The Writing Experience
My favorite feature of the Freewrite is the keyboard. For those of you who hate those crappy, laptop keyboards that provide no sound or feedback when you type, the Freewrite is for you! The Freewrite has a mechanical keyboard made of Cherry MX Brown switches that go clickity-clack, annoy those around you, and make typing an enjoyable experience!
But, there's a caveat.
For some bizarre reason, there's a delay between the keystroke and what appears on the screen. It's the slightest of delays, but dammit, it drives me crazy when I'm typing. As someone who looks at the screen while I write and not my fingers, the delay drives me crazy. When I use the Freewrite, I have to train myself not to look at the screen.
The Freewrite is a solidly constructed and feels like it could take a beating. The body is durable aluminum, and it's heavy when you compare it to today's laptops. It has a handle on the top, but I wouldn't take it out to a cafe, maybe if it had a cover to protect the keys or a case. There's no way that it will fit comfortably into my Nutsac. Of course, Astrohaus will sell you felt sleeve for the small price of $50, but I doubt that would make it any less awkward to haul around.
Considering its typewriter-like design and weight, I don' think Astrohaus intended for writers to take the Freewrite out into the world. That's probably the impetus for creating the portable Traveller.
Still, I've done a lot of writing with the Freewrite sitting comfortably on my lap. It fits nicely on a desk, and it delivers a pleasant writing experience if you can deal with the delay. The E-Ink display looks tiny at first glance, but I don't notice the size after a minute of writing. The screen is easy on the eyes, both with or without the backlight.

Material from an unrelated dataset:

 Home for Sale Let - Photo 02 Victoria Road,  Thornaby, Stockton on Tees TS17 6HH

Even better, it's easy to see in direct sunlight, which is where most laptops fail.
The Cloudy Cloud
The Freewrite can connect to your wireless network for cloud storage. Also, the Freewrite has three folders where you can store your files locally. The Freewrite boasts the ability to store over a million pages of writing, but please, don't write books that long! Fantasy writers, I'm looking at you!
If you don't want to store your writing in the cloud, you can connect the Freewrite to your computer with a USB cable to access your files.

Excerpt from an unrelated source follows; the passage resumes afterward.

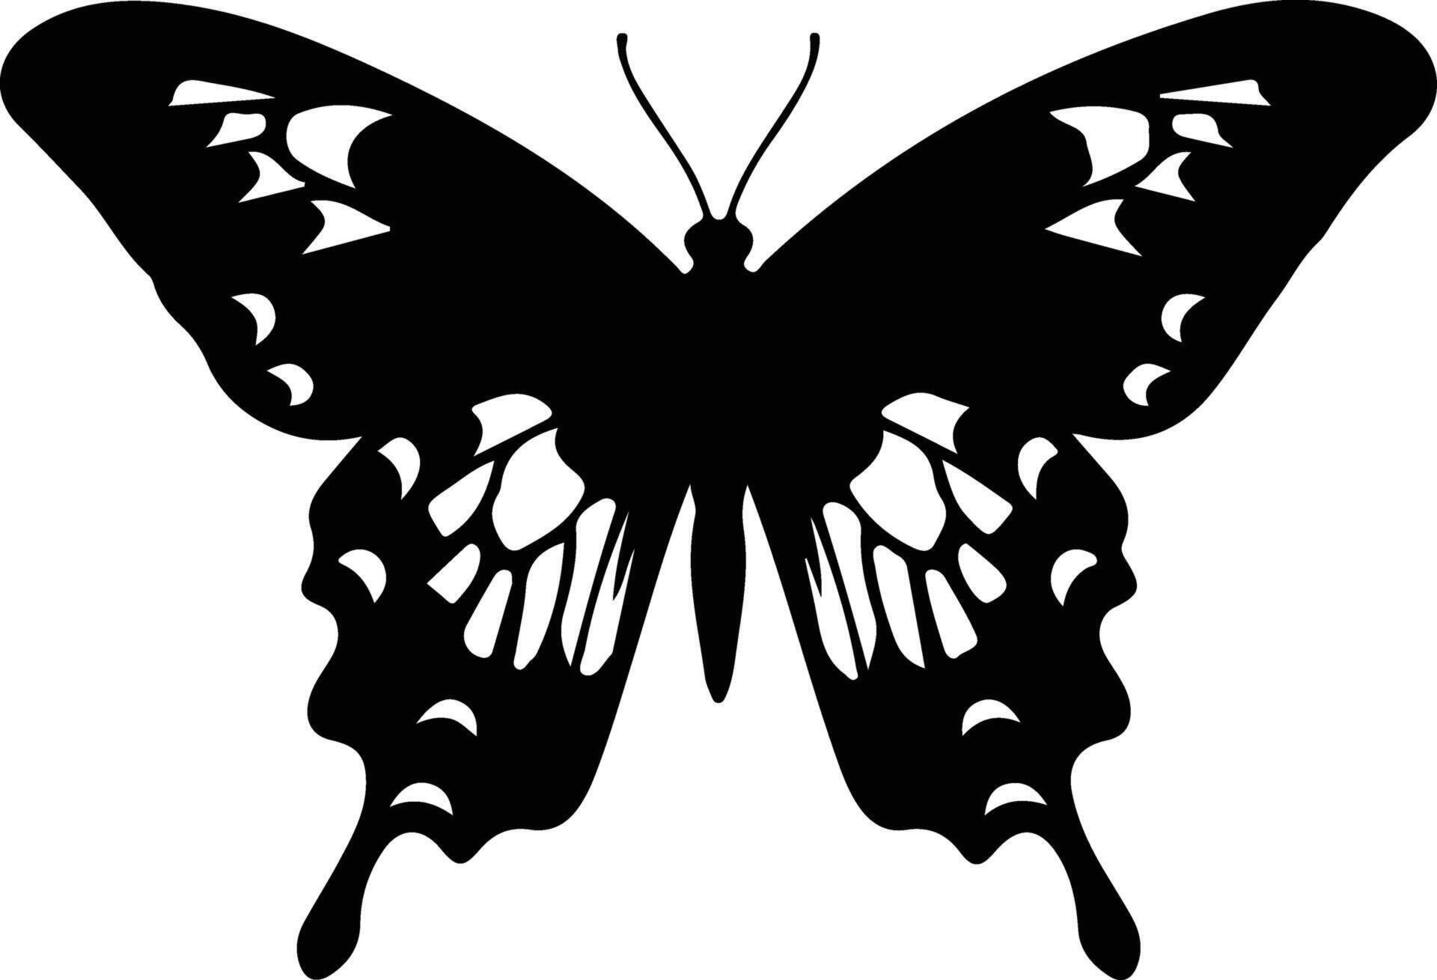 tiger swallowtail butterfly  black silhouette vector

Freewrite uses a cloud service called Postbox. I've had mixed results with it. For instance, whenever I try to log in with Safari, it often will not load the page. I've tried it on Firefox and have received messages about lost connections. You can sync your files with Google Drive and Dropbox, but from what I can tell, you still have to sync to Postbox first. It gives me a headache just thinking about it.
The Final word
My overall impression of the Freewrite is a resounding, "Meh." It has a few things that I love about it, mostly the construction and the keyboard, but it lacks in so many areas. It doesn't have arrow keys to allow you to move through your document or a spell checker. I get that it's a distraction-free tool meant for pounding out your first draft. The Freewrite accomplishes that, but for the hefty price of $549, it contains almost none of the quality of life features that the Neo 2 had over 5-10 years ago. And the fact that you can get a Neo2 for $40-$50 for almost the same distraction-free writing experience minus the mechanical keyboard makes the Freewrite hard to recommend.
As I write this, my Freewrite Traveller still has not shipped. The current forecast is Fall of 2020, but I have a gut feeling that I'm going to be waiting a long time. In the meantime, when I need a distraction-free writing session, I'm more likely to reach for my NEO2 than my fancy-schmancy Freewrite!